### Task description:
Locate the line that contains "Australian surfer, girls" in the entries below, then repeat it and every following line through the line that contains "Lanier LD230 Registering", exactly, and no others.

### Data excerpts:
========================================================================

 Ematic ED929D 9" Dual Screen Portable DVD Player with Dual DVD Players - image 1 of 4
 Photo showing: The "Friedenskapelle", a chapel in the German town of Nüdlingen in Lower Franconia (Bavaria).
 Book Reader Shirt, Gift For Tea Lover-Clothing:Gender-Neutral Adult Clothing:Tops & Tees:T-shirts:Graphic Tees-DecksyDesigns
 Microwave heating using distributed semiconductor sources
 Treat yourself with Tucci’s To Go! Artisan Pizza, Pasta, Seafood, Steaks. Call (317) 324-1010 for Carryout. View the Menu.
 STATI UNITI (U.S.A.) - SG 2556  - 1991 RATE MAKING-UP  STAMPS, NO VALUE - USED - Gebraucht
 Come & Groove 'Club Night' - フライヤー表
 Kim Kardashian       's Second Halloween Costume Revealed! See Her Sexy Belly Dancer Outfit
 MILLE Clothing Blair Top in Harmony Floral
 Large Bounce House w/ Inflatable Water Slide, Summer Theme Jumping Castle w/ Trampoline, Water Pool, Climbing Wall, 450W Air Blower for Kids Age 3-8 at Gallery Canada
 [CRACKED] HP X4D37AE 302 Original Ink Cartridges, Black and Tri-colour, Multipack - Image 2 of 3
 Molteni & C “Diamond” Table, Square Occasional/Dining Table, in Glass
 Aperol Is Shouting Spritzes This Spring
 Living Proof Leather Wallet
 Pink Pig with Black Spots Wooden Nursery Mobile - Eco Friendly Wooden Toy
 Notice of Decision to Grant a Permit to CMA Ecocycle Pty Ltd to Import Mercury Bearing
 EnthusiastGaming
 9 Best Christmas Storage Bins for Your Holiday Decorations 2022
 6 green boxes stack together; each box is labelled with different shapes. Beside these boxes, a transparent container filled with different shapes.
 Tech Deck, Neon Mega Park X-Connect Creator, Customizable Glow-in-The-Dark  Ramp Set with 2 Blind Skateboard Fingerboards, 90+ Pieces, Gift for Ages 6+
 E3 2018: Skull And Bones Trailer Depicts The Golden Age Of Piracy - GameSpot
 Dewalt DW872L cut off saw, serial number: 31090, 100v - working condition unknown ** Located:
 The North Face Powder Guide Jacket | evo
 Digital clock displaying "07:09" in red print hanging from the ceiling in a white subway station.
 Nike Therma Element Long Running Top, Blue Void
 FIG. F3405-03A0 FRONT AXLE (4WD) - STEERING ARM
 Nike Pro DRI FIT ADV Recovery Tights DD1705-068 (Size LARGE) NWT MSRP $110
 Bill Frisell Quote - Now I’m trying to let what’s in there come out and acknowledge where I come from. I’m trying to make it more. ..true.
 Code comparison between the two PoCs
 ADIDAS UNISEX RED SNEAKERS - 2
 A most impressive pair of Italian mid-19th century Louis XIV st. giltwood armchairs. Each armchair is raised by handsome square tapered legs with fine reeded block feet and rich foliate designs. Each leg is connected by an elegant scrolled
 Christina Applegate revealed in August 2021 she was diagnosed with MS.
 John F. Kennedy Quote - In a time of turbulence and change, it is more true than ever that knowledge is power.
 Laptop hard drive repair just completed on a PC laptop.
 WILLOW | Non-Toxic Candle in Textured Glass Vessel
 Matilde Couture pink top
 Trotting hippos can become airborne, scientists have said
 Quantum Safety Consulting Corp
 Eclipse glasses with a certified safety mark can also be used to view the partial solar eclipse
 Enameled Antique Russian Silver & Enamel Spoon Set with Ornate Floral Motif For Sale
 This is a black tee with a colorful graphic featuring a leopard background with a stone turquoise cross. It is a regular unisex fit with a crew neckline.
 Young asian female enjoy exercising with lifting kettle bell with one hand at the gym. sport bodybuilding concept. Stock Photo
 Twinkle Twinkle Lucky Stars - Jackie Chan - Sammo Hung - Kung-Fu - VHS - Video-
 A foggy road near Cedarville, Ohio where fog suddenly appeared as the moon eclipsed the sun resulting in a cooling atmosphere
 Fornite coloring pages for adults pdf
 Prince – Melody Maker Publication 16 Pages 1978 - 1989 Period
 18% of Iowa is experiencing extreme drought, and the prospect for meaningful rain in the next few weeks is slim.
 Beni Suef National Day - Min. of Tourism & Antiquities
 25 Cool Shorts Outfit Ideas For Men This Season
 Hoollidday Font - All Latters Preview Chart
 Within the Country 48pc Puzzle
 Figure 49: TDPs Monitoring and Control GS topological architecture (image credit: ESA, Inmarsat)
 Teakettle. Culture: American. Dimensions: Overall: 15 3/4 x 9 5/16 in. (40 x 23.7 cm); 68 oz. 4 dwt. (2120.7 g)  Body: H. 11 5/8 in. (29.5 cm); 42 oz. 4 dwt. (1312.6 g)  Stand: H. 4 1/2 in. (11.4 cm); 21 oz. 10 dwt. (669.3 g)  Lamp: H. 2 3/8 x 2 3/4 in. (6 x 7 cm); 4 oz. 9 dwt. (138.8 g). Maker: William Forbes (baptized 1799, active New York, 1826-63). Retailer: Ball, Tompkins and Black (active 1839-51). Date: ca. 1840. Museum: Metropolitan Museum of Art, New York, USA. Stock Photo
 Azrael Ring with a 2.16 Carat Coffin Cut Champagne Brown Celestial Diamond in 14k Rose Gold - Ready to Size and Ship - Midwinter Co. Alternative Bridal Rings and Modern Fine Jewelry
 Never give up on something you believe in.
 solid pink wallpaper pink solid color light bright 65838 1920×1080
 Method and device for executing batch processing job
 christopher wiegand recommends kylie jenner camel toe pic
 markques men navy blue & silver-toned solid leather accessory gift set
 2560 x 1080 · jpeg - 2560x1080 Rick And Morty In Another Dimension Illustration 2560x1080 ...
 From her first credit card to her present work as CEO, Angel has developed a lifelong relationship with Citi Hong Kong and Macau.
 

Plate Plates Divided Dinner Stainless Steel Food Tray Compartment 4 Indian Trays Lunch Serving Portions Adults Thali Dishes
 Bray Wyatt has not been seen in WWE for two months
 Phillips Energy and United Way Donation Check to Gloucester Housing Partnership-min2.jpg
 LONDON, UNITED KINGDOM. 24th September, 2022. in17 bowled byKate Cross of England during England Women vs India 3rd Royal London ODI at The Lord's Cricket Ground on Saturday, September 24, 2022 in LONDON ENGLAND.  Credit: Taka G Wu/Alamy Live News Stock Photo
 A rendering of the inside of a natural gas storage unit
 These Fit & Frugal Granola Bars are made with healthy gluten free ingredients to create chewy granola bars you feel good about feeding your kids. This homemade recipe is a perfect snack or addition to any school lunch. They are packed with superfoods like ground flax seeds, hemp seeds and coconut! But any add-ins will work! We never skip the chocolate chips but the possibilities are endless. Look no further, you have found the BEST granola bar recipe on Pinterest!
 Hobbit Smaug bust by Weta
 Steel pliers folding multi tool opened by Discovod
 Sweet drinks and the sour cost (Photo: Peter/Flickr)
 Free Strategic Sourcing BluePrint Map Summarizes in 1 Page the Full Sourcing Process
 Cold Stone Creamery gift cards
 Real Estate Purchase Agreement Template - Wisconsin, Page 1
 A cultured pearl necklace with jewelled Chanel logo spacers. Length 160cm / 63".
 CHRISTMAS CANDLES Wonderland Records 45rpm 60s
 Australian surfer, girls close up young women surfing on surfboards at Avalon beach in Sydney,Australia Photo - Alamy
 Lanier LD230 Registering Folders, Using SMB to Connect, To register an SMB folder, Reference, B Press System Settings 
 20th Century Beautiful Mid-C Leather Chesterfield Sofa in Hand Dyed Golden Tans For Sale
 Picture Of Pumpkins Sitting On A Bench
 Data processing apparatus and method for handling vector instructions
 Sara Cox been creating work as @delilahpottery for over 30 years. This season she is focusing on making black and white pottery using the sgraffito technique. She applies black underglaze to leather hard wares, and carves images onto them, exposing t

========================================================================

### Result of the exercise:
 Australian surfer, girls close up young women surfing on surfboards at Avalon beach in Sydney,Australia Photo - Alamy
 Lanier LD230 Registering Folders, Using SMB to Connect, To register an SMB folder, Reference, B Press System Settings 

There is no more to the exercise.